Give some time to this question: 

In the last two months, what have you seen happening in your life, in life of your community, or the life of the world that seems good and right and meant to be, and that you hope and pray will remain as part of the new normal once we start to move beyond the pandemic?

Hymn VU 375: “Spirit, Spirit of Gentleness” (Let the words of this hymn help you remember and be opened to the eternal presence and purpose of God in the world)

Spirit, Spirit of gentleness, blow through the wilderness, calling and free.
Spirit, Spirit of restlessness, stir me from placidness, Wind, wind on the sea. 
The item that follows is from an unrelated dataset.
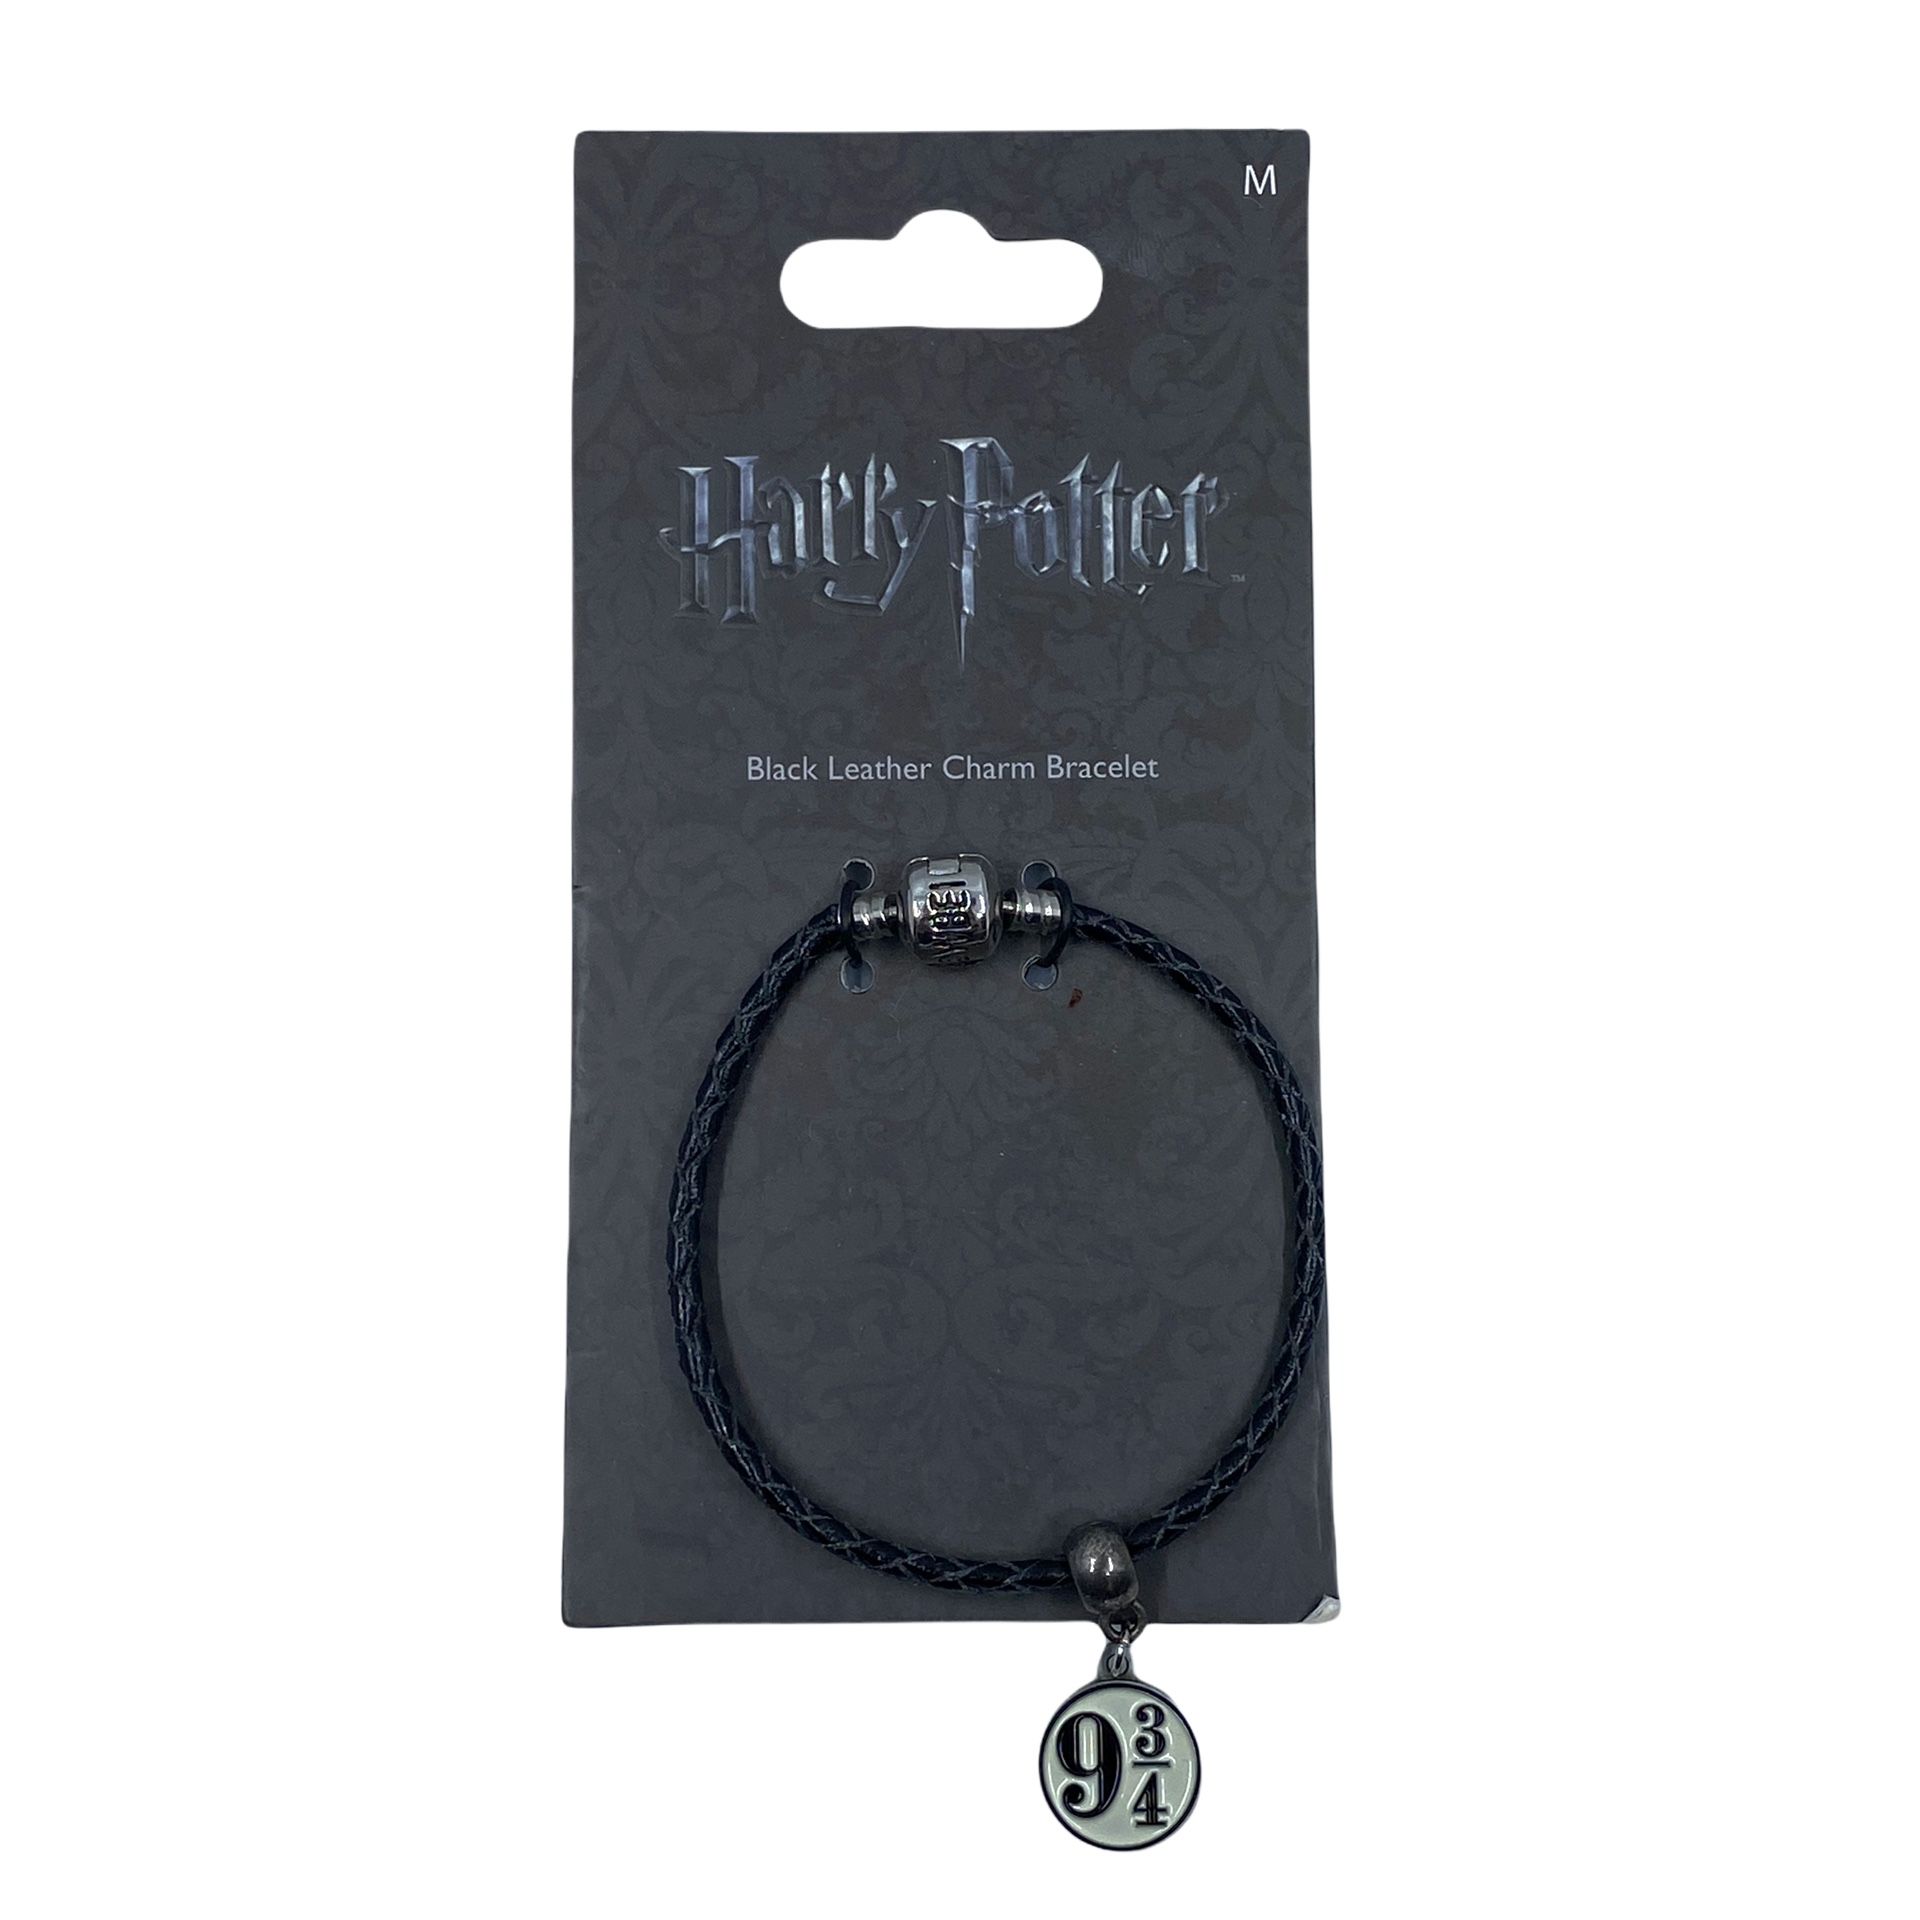 Harry Potter Black Leather Charm Bracelet

You moved on the waters, You called to the deep,
Then You coaxed up the mountains, from the valleys of sleep;
And over the eons You called to each thing,
“Awake from your slumbers and rise on your wings.”

Spirit, Spirit of gentleness, blow through the wilderness, calling and free.
Spirit, Spirit of restlessness, stir me from placidness, Wind, wind on the sea.

You swept through the desert, You stung with the sand,
And You goaded your people with a law and a land,
And when they were blinded with their idols and lies,
Then You spoke through Your prophets to open their eyes.

Spirit, Spirit of gentleness, blow through the wilderness, calling and free.
Spirit, Spirit of restlessness, stir me from placidness, Wind, wind on the sea.

You sang in a stable, You cried from a hill,
Then You whispered in silence when the whole world was still,
And down in the city You called once again
When You blew through Your people on the rush of the wind.

Spirit, Spirit of gentleness, blow through the wilderness, calling and free.
Spirit, Spirit of restlessness, stir me from placidness, Wind, wind on the sea.

You call from tomorrow, You break ancient schemes,
From the bondage of sorrow the captives dream dreams;
Our women see visions, our men clear their eyes,
with bold new decisions your people arise.

Spirit, Spirit of gentleness, blow through the wilderness, calling and free.
Spirit, Spirit of restlessness, stir me from placidness, Wind, wind on the sea.


Closing Blessing

How is God’s Spirit at work in you – both for your own fulfilment, and for the growth, the healing, and the well-being of others around you?

You are a child of God.  You are created by God’s Word.  Holy spirit dwells within you.

May God help us and others, to grow through this time
in faith, in hope and in love …
so that none of what is suffered may be in vain,
so that none of what is learned may be lost,
so that all of what God desires may be fulfilled.

Go now, ready always to know and to share God’s love for all.